As data centers, cryptocurrency mining operations, and other energy-intensive technologies proliferate, colocating that infrastructure with natural gas wells can be beneficial to the gas drillers and to the power consumers. The large volumes of natural gas can provide a dependable fuel-source for power-hungry facilities like data centers and crypto mining, while the presence of those facilities creates new buyers for the drillers that are producing and selling natural gas.

The colocation of data centers and cryptocurrency mining facilities with gas wells can result in a situation where natural gas never leaves a well pad or leased property. Gas can be extracted and consumed on-site in generators providing power for these facilities. In theory, this set-up should benefit royalty owners. Increased demand from new energy consumers can result in higher pricing and more production activity. That, in turn, may lead to more leasing.

But this framework also highlights a lingering question about how royalty owners are paid. Consider a lease that provides for a 20% royalty on gas "marketed and used off the premises." If all produced gas is consumed on-site, how much royalty is owed? The rate is 20%, but the royalty owner receives 20% of what? If no gas is "marketed and used off the premises," the volume subject to royalty is zero. Twenty percent of zero is zero. That does not seem right.

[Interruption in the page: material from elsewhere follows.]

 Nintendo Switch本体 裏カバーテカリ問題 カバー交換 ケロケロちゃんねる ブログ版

When evaluating landowners' entitlement to royalties, the focus naturally turns to Pennsylvania's Guaranteed Minimum Royalty Act (the "GMRA"). The GMRA states that:

A lease or other such agreement conveying the right to remove or recover oil, natural gas or gas of any other designation from the lessor to the lessee shall not be valid if the lease does not guarantee the lessor at least one-eighth royalty of all oil, natural gas or gas of other designations removed or recovered from the subject real property.

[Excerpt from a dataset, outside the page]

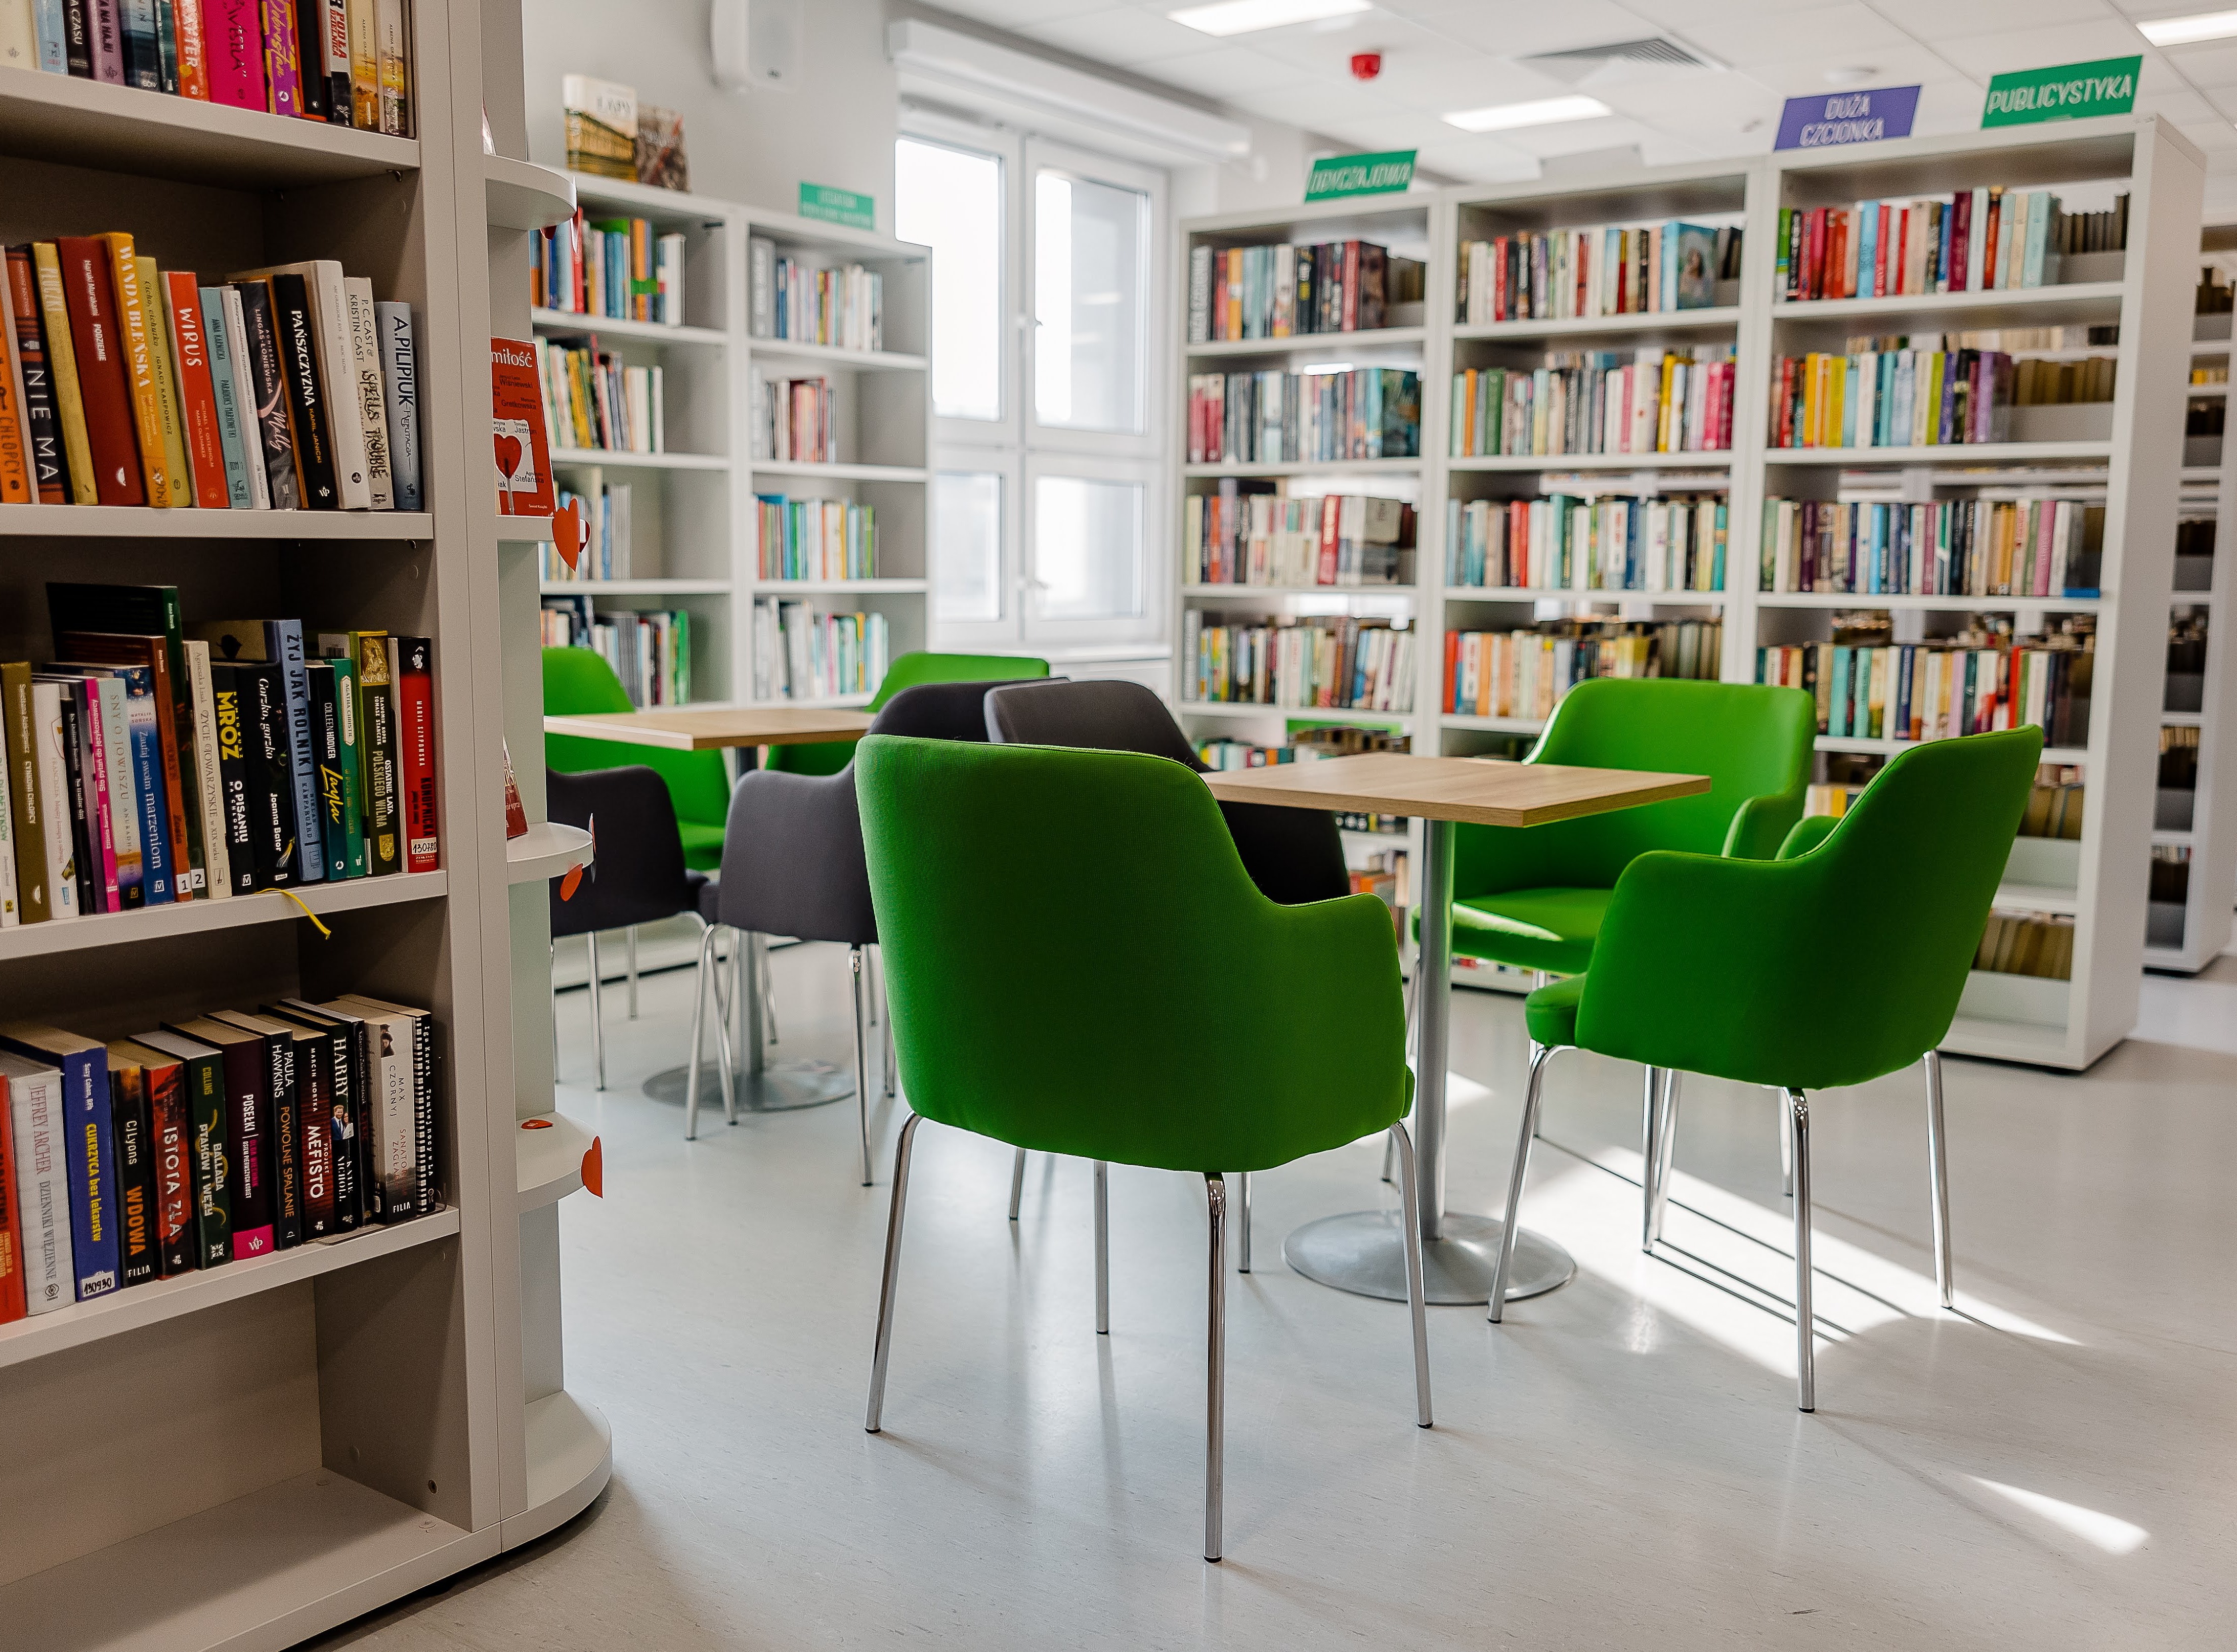 Zielone krzesła w pomieszczeniu wypełnionym półkami z książkami

58 P.S. § 33.3. Despite this requirement, many leases do not provide for a royalty on all produced oil and gas. Instead, most leases apply the royalty to oil or gas that leaves the property. In the example above, a royalty clause that applies to gas "marketed and used off the premises" would seemingly not obligate a driller to pay a royalty on gas that was produced and consumed on-site by a cryptocurrency mining operation.

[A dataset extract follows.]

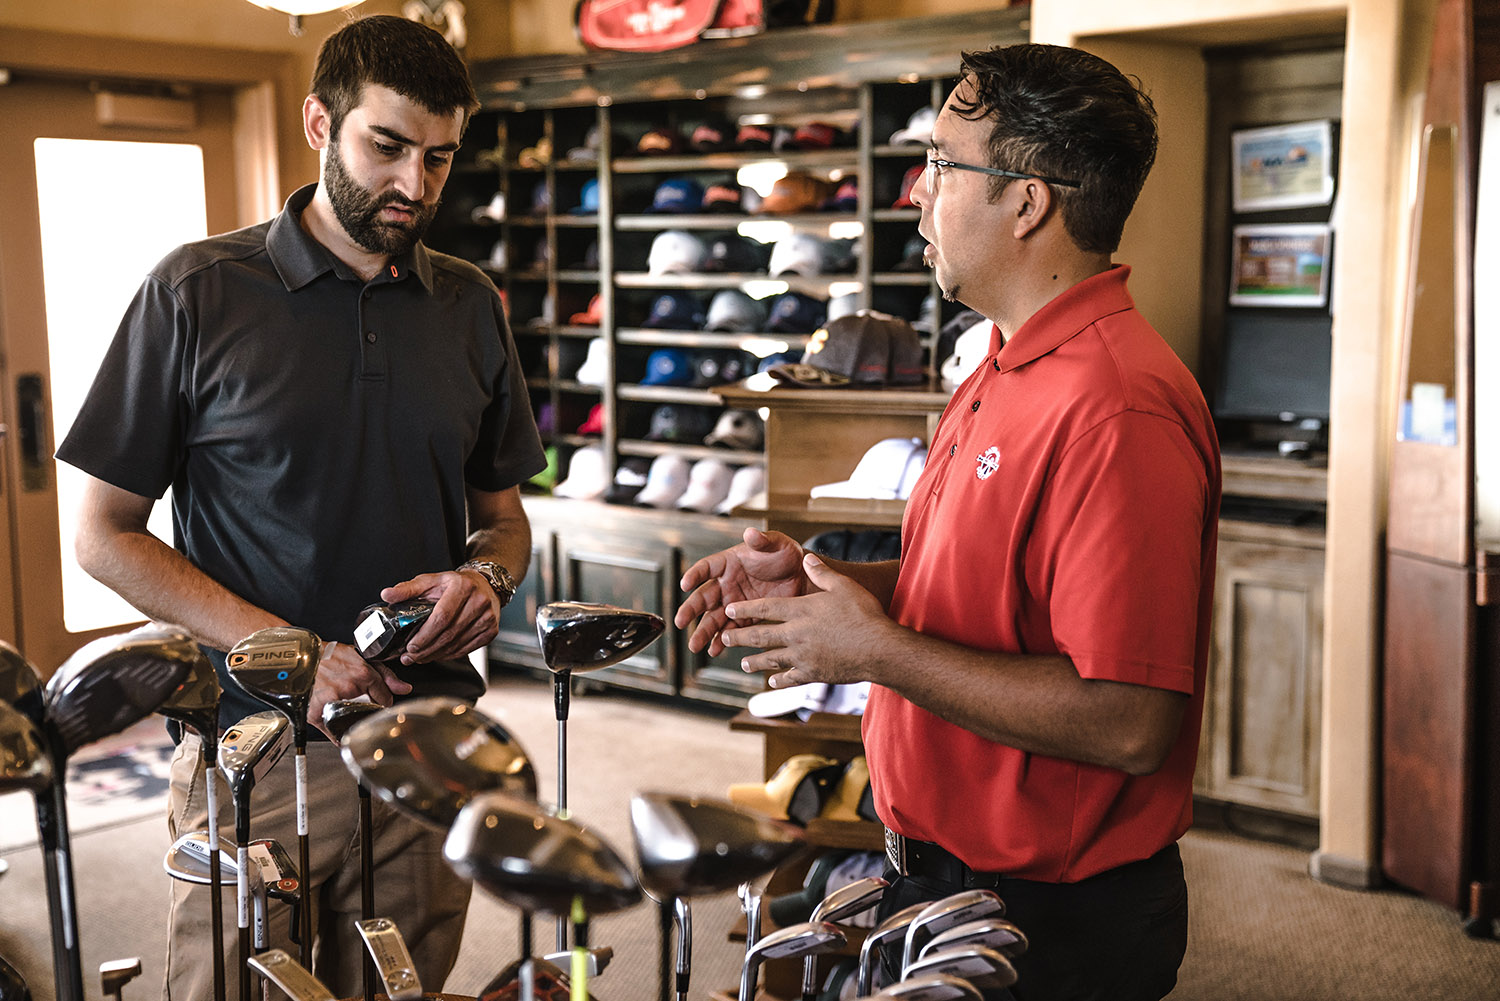 Två män diskuterar möjligen passersystem och dörrautomatik, men antagligen klubbor, eftersom de befinner sig i en butik med golfutrustning.

The absurdities that arise when common royalty language is applied to colocation of gas wells and power infrastructure highlight a flaw in Pennsylvania's royalty framework. The GMRA is a validity statute. It is not an insurance policy or a gap-filler that rewrites lease terms when scenarios seem to shortchange landowners. If a lease satisfies the GMRA requirements, the lease is valid under that statute. If a lease does not meet the GMRA requirements, it is invalid.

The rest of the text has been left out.